Traditional deep learning methods often require technical expertise and may involve a lengthy trial-and-error process in order to generate a good model [35] which might need significant computational resources depending on the size of the dataset and the particularities of the ML architecture that is being leveraged. AutoML seeks to alleviate this developmental burden by automating the ML pipeline [25], allowing novice users to create useful machine learning models [23]. Automation can be applied to any number of processes within the ML pipeline, including data preparation, feature engineering, model generation, and model evaluation [8,17]. The code used in this study has been made publicly available on GitHub [36].

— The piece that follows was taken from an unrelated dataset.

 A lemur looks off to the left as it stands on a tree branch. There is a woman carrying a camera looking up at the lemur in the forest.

The goal of this study was to test AutoML tools by benchmarking their performance on various object detection datasets. We have evaluated these AutoML tools “as is,” and are not comparing differences in the data pre-processing state, or feature engineering capabilities, etc. Since there can be substantial differences in terms of configurability for each AutoML framework, we try to make as few changes to the default or standard configurations as possible.

In our study, we presumed that the creators of each tool had meticulously selected the most effective hyperparameters to maximize their tool’s functionality. We chose not to alter these settings, believing that the preset configurations were already fine-tuned for optimal results. Our evaluation was conducted using each tool in its unmodified, default form, reflecting the typical usage scenario for users who may not have extensive knowledge in machine learning. This method allowed us to gain insightful information about the performance of each tool under standard conditions, which is particularly useful for individuals not well-versed in the complexities of algorithms or specific adjustment possibilities. Given that AutoML tools offer a wide array of customizable features, trying to uniformly align them using the same algorithms would be overly complex and often impractical.

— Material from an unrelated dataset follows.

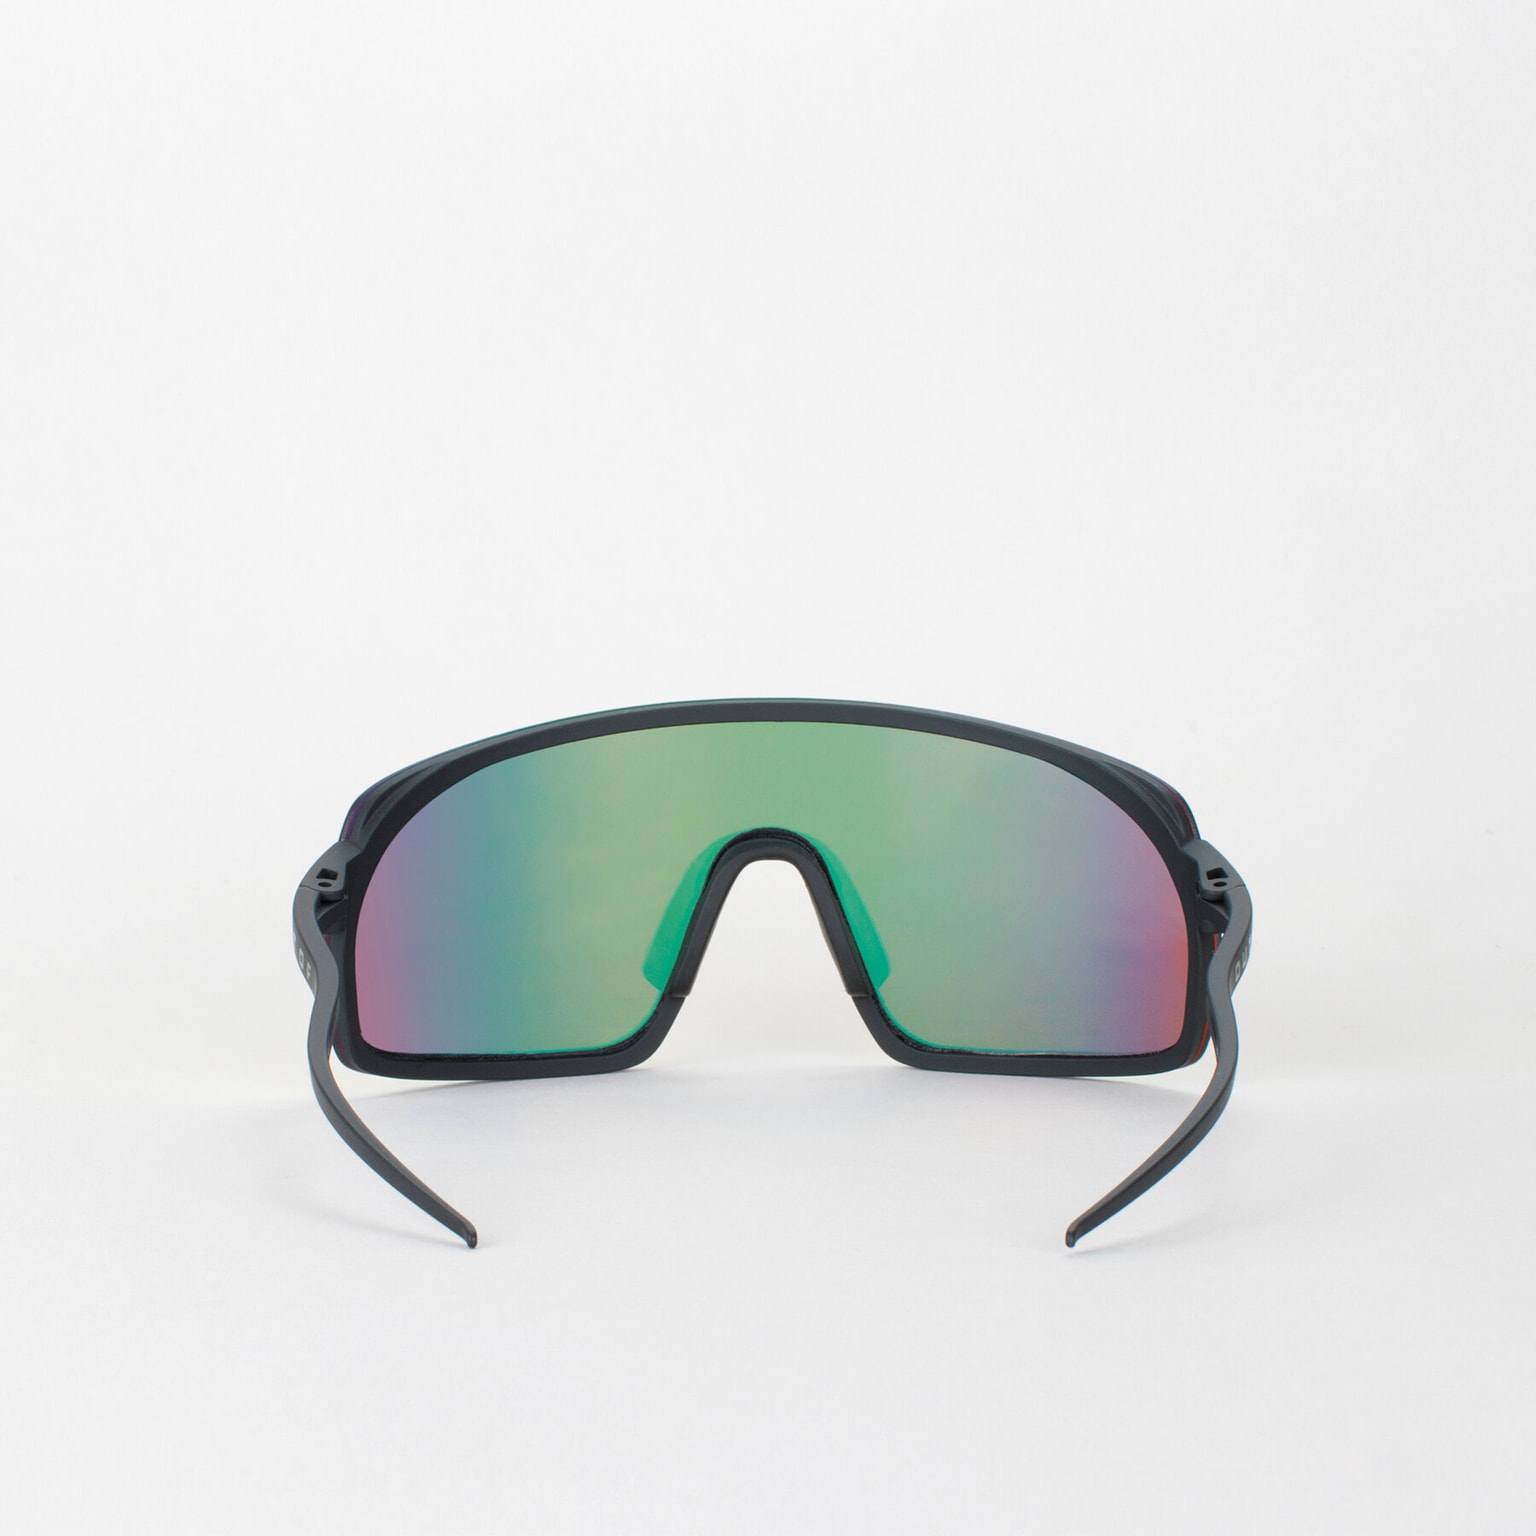 Pit Viper Pit Viper The Flip-Offs The Mystery Sportbrille 3

3.1. Selected AutoML Frameworks

The number of automated machine learning frameworks available which are capable of performing object detection tasks is somewhat limited currently. For this project, there were a few considerations for selection. First, we wanted to use frameworks for which there was extensive documentation and support. The two proprietary frameworks (Google’s Vertex AI Vision and NVIDIA TAO) were clear choices for this project due to the considerable institutional backing that they receive. Secondly, we wanted to compare these proprietary options to an open-source option, in order to provide a kind of cost–benefit analysis for each framework. For this reason, we selected AutoGluon. Finally, we wanted frameworks that provided a fairly high degree of automation. All the frameworks selected perform at least hyper-parameter optimization and an architecture search, which are particularly challenging aspects of the machine learning pipeline.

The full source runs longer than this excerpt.